Income, expenses, tax credits, gains and losses from the look-through company's (LTC) activities are passed through to the owner of an LTC, in proportion to the owner's effective look-through interest. Each owner is responsible for declaring the income and deductions on their own income tax return.

The owner will be liable for any tax payable on their net LTC income which is included in their taxable income. They'll also be allowed a deduction for any loss incurred by the LTC against any other income sources they may have, subject to the loss limitation rule if applicable.

Loss limitation rule

The loss limitation rule ensures that the losses an owner can claim reflect their economic loss in the LTC.

The LTC's deductions are allocated to its owners in the same way as income is allocated. The amount of deductions an owner can use is limited to the contribution the owner has made to the company, or is liable for. This is known as the owner's basis. You can find more information on owner's basis calculations in the Partnership and look-through company (LTC) return (IR7G) guide and the Look-through companies (IR879) guide.

For the 2017-18 and later income years, the loss limitation rule applies only to LTCs in joint venture or partnership. Losses previously restricted under this rule are available for use against income in the 2017-18 and later income years.

Filing returns

LTCs file a Partnerships and look-through companies (LTCs) income tax return (IR7) each year which shows the total income and deductions for the company for that year. A Look-through company (LTC) income/loss distribution (IR7L) is attached to the IR7. It is a summary of the income and deductions for each owner.

Find out more about filing an LTC tax return

Changes in shareholding

A change of shareholding does not automatically mean a company ceases being an LTC.

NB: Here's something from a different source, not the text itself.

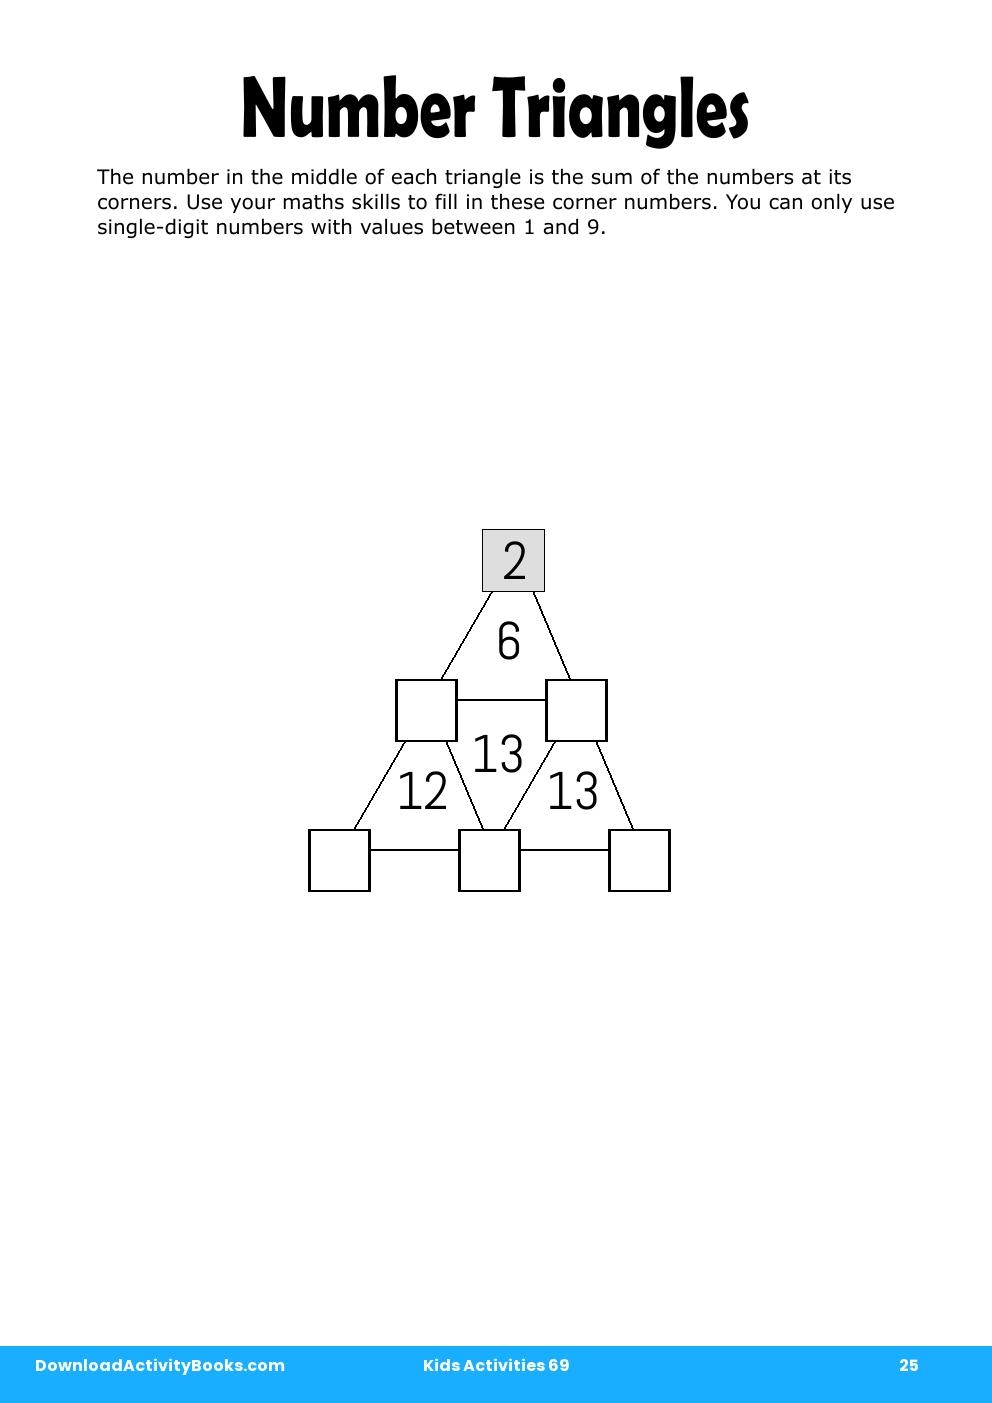 Number Triangles in Kids Activities 69

The only time a change in shareholding will make a company cease to be a LTC is if the change means that the company is no longer eligible to be an LTC.

If ownership changes during an income tax year owners can determine their effective look-through interest using either the weighted average basis method or the accounts method.

Weighted average basis

This method works out an average of an owner's look-through interest based on the number of days in the income year that they owned shares in the LTC or their market value interest in those shares.

Example

Max had 100% shareholding in an LTC with a March balance date. On 30 June he sold 30% of his shares to Wilma, leaving him with 70% shareholding in the company.

The company had $50,000 income and $70,000 allowable expenses.

Max had 100% shares for 91 days (1 April to 30 June, not a leap-year) and 70% shares for 274 days (1 July to 31 March). Assuming that his owner's basis calculation allows the full expenses, he would work out his share of the LTC income/expenses as follows:

Income 91/365 days x 1 x $50,000
$12,466
  274/365 days x 0.7 x $50,000
$26,274
Total      
$38,740
Expenses 91/365 days x 1 x $70,000
$17,452
  274/365 days x 0.7 x $70,000
$36,784
Total      
$54,236
Total income/(loss)      
($15,496)

Wilma had 30% shares for 274 days. Her calculation would be as follows:

Income 274/365 days x 0.3 x $50,000 $11,260
Expenses 274/365 days x 0.3 x $70,000 $15,764
Total income/(loss)       ($4,504)

The total income for all shareholders adds up to $50,000 and the total expenses add up to $70,000. This is a good way to make sure that each calculation is correct.

Accounts method

This method calculates owner's interest based on actual income received and expenses incurred at the time the owner had shares in the company. This requires accurate accrual accounts to be prepared for each period of ownership in the year.

We may require the LTC to use the accounts method if its taxable income in a 12-month period is $3 million or more, and if we consider that the accounts method would result in a more equitable and reasonable measure of effective look-through interest.

Example

Using the example of Max and Wilma above, the company had drawn up a set of accounts for the period before and after Wilma acquired shares in the company.

  1 April to 30 June 1 July to 31 March Annual
Income
$30,000
$20,000
$50,000
Expenses
$20,000
$50,000
$70,000

Max would work out his share of the income and expenses as follows:

  1 April to 30 June 1 July to 31 March Total
Income
$30,000 (100%)
$14,000 (70% of $20,000)
$44,000
Expenses
$20,000 (100%)
$35,000 (70% of $50,000)
$55,000
Total income/(loss)     ($11,000)

Wilma would work out her share of income and expenses as follows:

  1 July to 31 March Total
Income $6,000 (30% of $20,000)
$6,000
Expenses $15,000 (30% of $50,000)
$15,000
Total income/(loss)  
($9,000)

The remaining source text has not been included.